Keywords: PBD, DNA minor groove binders, DNA binding models, ADC, cytotoxicity
Antibody–drug conjugates (ADCs) have ascended as powerful biologics that combine the high affinity and specificity of monoclonal antibodies (mAbs) with the promising antitumor efficacy of the payloads.1,2 Over the last two decades, ADCs have continued to evolve as an attractive modality for the treatment of hematological malignancies and solid tumors.3 Currently, there are nine approved and marketed ADCs.4 A cytotoxic agent, often called a payload, that is generally too toxic for systemic administration is combined with mAbs with the help of linkers to specifically target tumor cells. On the basis of the mechanism of action, payloads fall into three categories: antimitotic, DNA-interacting, and transcription-inhibiting. The antimitotic class of payloads used in ADCs act by interacting with tubulin and include maytansinoids, auristatins, tubulysins, and many others.5 The DNA-interacting class includes calicheamicin, duocarmycin, etc.6 The transcription inhibitors include amatoxins that bind to RNA polymerase II.7 Antimitotic and DNA-interacting payloads are most broadly used in ADCs. DNA-interacting agents act by binding to the minor groove and lead to intercalation, scission, alkylation, or cross-linking of strands. Hence, they are also called DNA minor groove binders (MGBs). Another important class of payloads used in ADCs is camptothecins.8 Camptothecin and its derivatives bind to the topoisomerase I/DNA complex as their mechanism of action.9
One of the MGBs that is highly pursued in the ADC architecture is the pyrrolo[2,1-c][1,4]benzodiazepine (PBD) class of compounds (Figure 1, example payload 1).10−17 PBD dimers bind in the minor groove of DNA, where they form interstrand cross-links with guanines. Rahman et al.18 reported that some non-covalent heteroaryl pharmacophores have a strong preference for GC-rich DNA sequences either alone or when combined with PBDs. Compounds 2a and 2b are the two most advanced candidates from Rahman et al.18 Notably, 2b demonstrated significant antitumor efficacy in breast (MDA-MB-231) and pancreatic (MIA PaCa-2) xenograft models.18
As part of our ADC discovery efforts19−21 and inspired by the report by Rahman et al.,18 we sought to pursue PBD–4-(1-methyl-1H-pyrrol-3-yl)benzeneamine (“MPB” as termed by Rahman et al.18) hybrid payloads for the ADC modality (Figure 1, example payloads 2a and 2b). The inherent toxicity of these payloads to normal cells motivated us to prosecute these agents for a targeted therapeutic approach like ADC. Our prior experience with PBD molecules led us to hypothesize that some examples in this class might be too potent to achieve an acceptable therapeutic index. An appealing aspect of these hybrid molecules was the potential to tune the properties by preparing a diverse set of analogues through variation of the MPB portion of the molecules. We pursued the reported “PBD–MPB” hybrid payloads in the context of our fused benzodiazepine with a tetrahydroisoquinoline ring system, herein called TBD (Figure 1, example payload 3).
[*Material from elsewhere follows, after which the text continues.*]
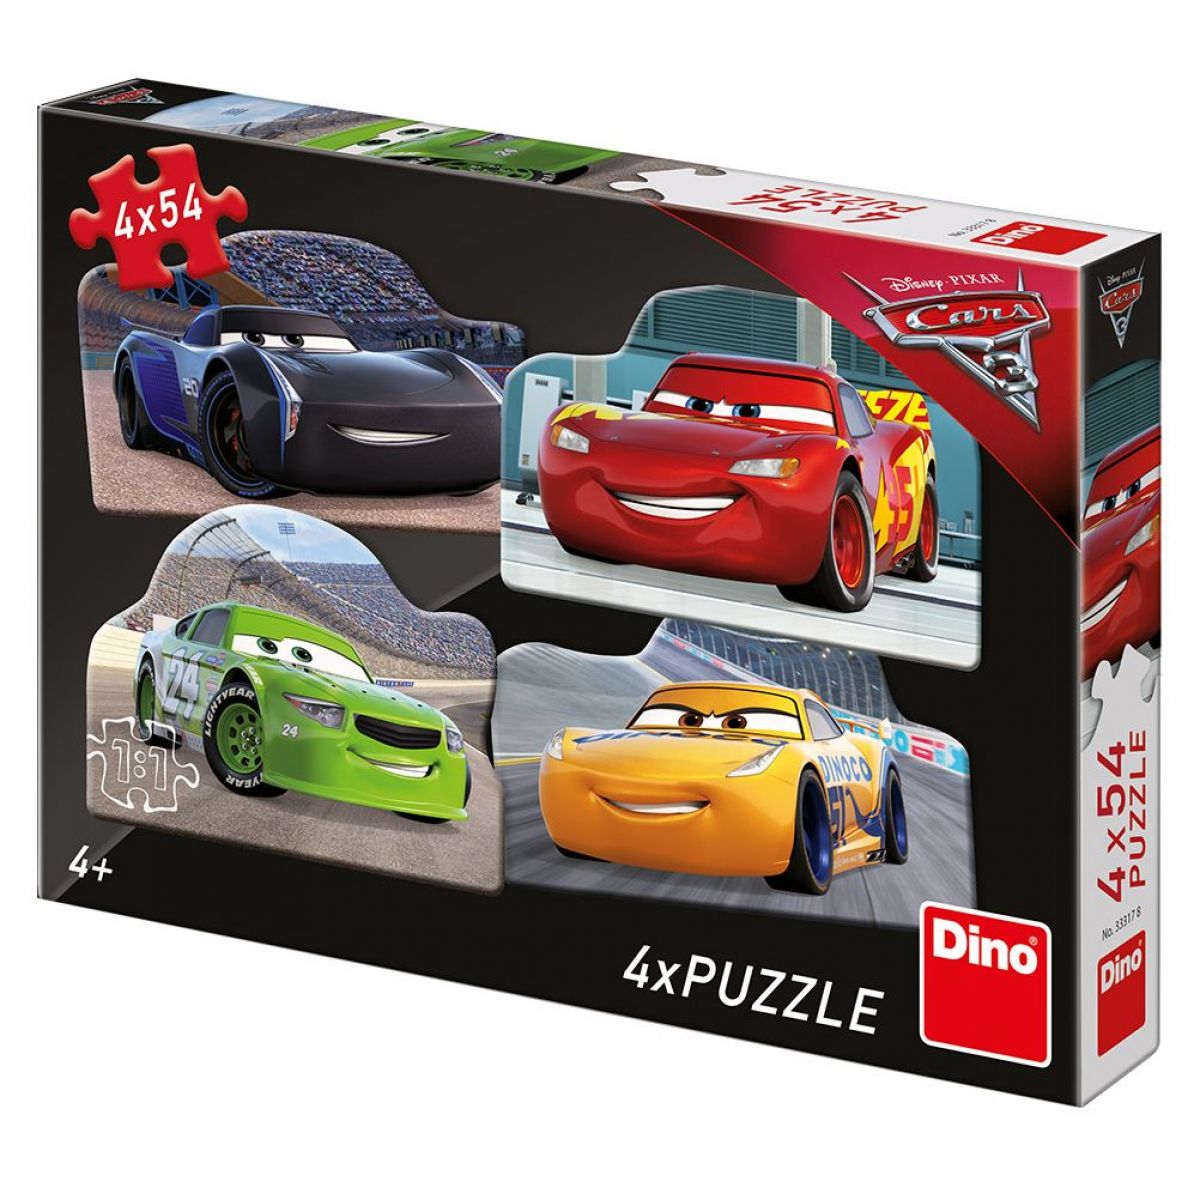 Dino Disney Cars 3 Rivalové puzzle 4 x 54 dílků

For benchmarking purposes, we made 4 and 5, which are the TBD versions of 2a and 2b, respectively, from the original publication by Rahman et al.18 Initial characterization of the payloads was based on an in vitro evaluation against a suite of cellular proliferation assays for lung (H226), gastric (N87), ovarian (OVCAR3), and colon (HCT116) cancer cell lines as described in our recent publication.22 Compounds 4 and 5 showed quite potent (single- to double-digit and subpicomolar) activities in these cell lines (Table 1). A double-stranded B-DNA binding model for 4 was generated using the sequence 5′-AAGAAGGCAA-3′, as reported by Rahman et al.18 We hypothesized that 4, which is a TBD variant of 2a, would also bind to the 5′-AAGAAGGCAA-3′ sequence that was demonstrated to be the preferred binding sequence for 2b.18Figure 2A,B illustrates the binding mode of 4 in the DNA minor groove. The C11–N10 imine of TBD makes a covalent bond with the exocyclic amine of G3 of the DNA, while the “py-MPB” portion of the payload makes non-covalent interactions and nicely follows the curvature of the DNA minor groove.
Table 1. Compounds and Cytotoxicity Data (IC50 in nM).
The IC50 value was the result of multiple determinations (n ≥ 2).
The IC50 value was obtained after single determination (n = 1).
The DNA-binding model of 4 revealed opportunities to modify the “MPB” portion of the payloads. A set of internally available anilines was evaluated to rationally replace the “MPB” moiety. Among these, we envisioned a (methyltriazolo)benzene replacement (compound 6) for the “MPB” moiety. We hypothesized that the flat (methyltriazolo)benzene group would nicely complement the minor groove, with one of the ring nitrogens in the triazole ring being in close proximity to the exocyclic amine of G7 in the DNA model to engage in a hydrogen-bonding interaction dynamically. While the H226 cell line activity was retained or improved in 6 compared with its progenitor 4, the other three cell lines showed diminished activity, with the worst being the OVCAR3 cell line. Compound 7 was made to explore the impact of removing the methyl group in the triazole ring, and it turned out to be equipotent to its methyl counterpart in the H226, N87, and HCT116 cell lines and ∼3-fold more potent in the OVCAR3 cell line. As an N-linked imidazole derivative, 8 lacks the hydrogen-bond acceptor close to the exocyclic amine of G7 and showed a considerable loss of activity across all four cell lines compared with 6. C-linked imidazole 9 had further-diminished activities across all four cell lines. The substantial drop in the activity is perhaps partly due to the possibility of tautomerization where hydrogen bonding with the exocyclic amine of G7 is absent in one set of tautomers. The perturbed coplanarity between the two terminal rings may also play a role in reducing the activity. For oxazole 10, which has the ring nitrogen to complement the exocyclic amine of G7, the activity was restored in all of the cell lines except H226 compared to its triazole counterpart 6.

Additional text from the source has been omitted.